I will talk about cardiovascular rather than cerebrovascular and
stroke, in that it has been a government target through the National
Service Framework, and that is one of the reasons that the times,
as I have already mentioned, in getting heart attack patients
treated have come down because it has become a government priority,
they have put money behind it and so things have started to happen.
If you like, it shows what can be done when the right impetus
is put behind it. There are coalitions of funders for research:
one, in particular, is the Cardiovascular Research Funders Forum,
which is a coalition of the Department of Health, the BHF, the
Wellcome Trust, the MRC, and the Stroke Association (I think that
is probably it) who meet relatively regularly to discuss strategy
and areas of research that are of importance. I think we have
got a way to go yet to make sure that that then gets translated
into implementation and funding but at least the infrastructure
is there to do that. I think, from the cardiovascular point of
view, we have been fairly lucky over the years. I think stroke
has been, unfortunately, left somewhat behind.
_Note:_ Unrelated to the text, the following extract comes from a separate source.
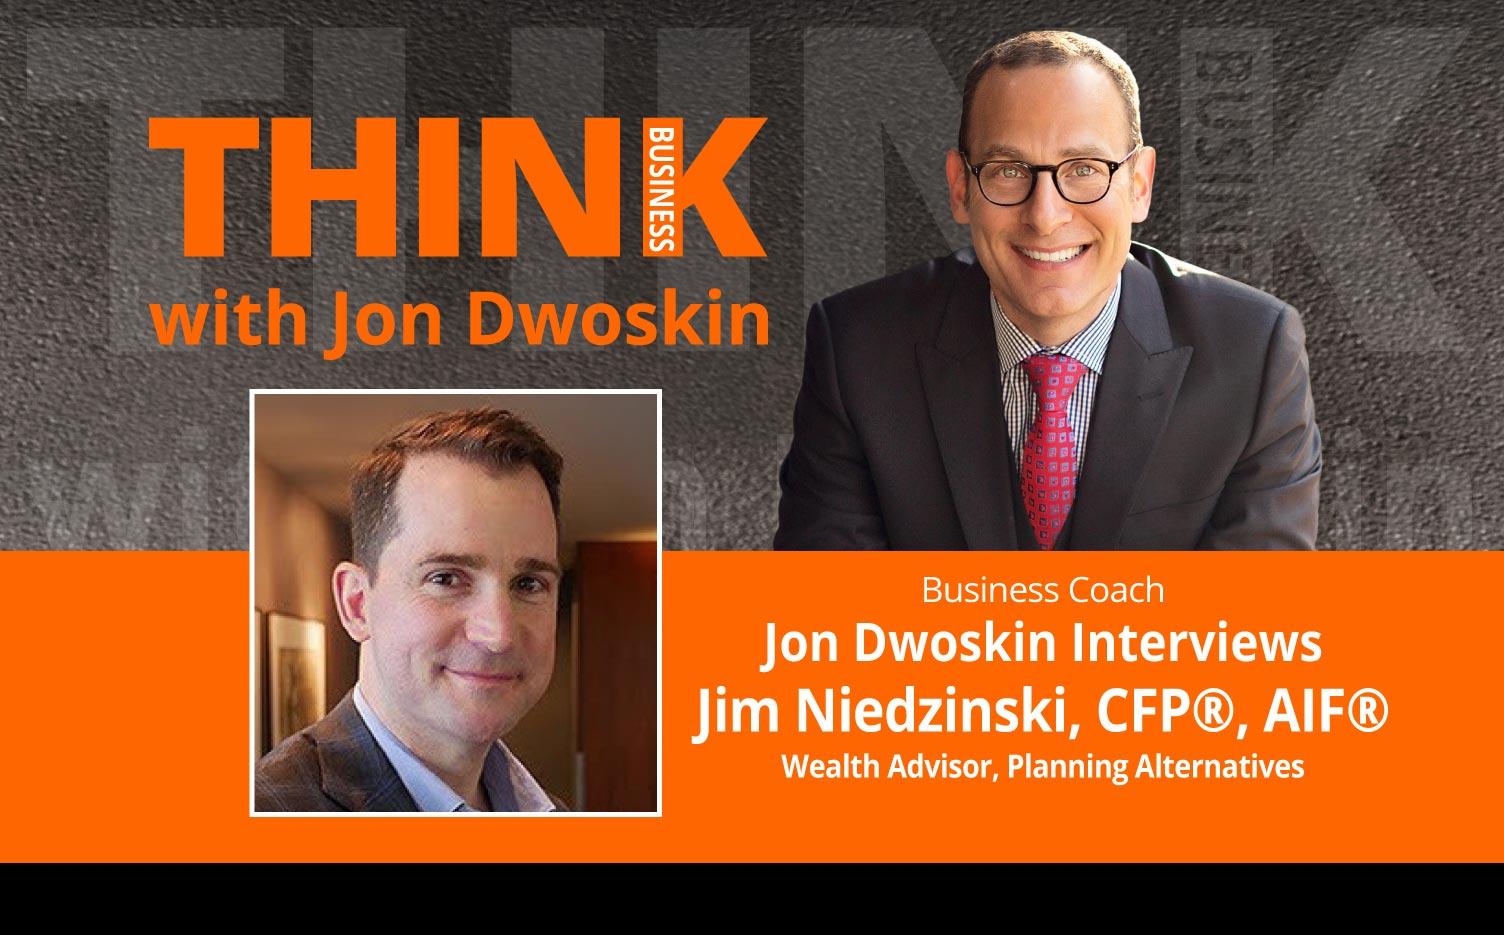 THINK Business Podcast: Jon Dwoskin Interviews Jim Niedzinski, CFP®, AIF®, Wealth Advisor, Planning Alternatives

I do not know whether
my colleagues would agree with that.
Professor Fentem:
I think there are a number of points worth making as regards stroke.
Stroke research has benefited from the NHS research and development
programme, there is no doubt about that, and they enabled us to
pick up some quite important projects in relation to rehabilitation.
The other area which is rather important and which we have not
touched on this afternoon is the question of research capacity.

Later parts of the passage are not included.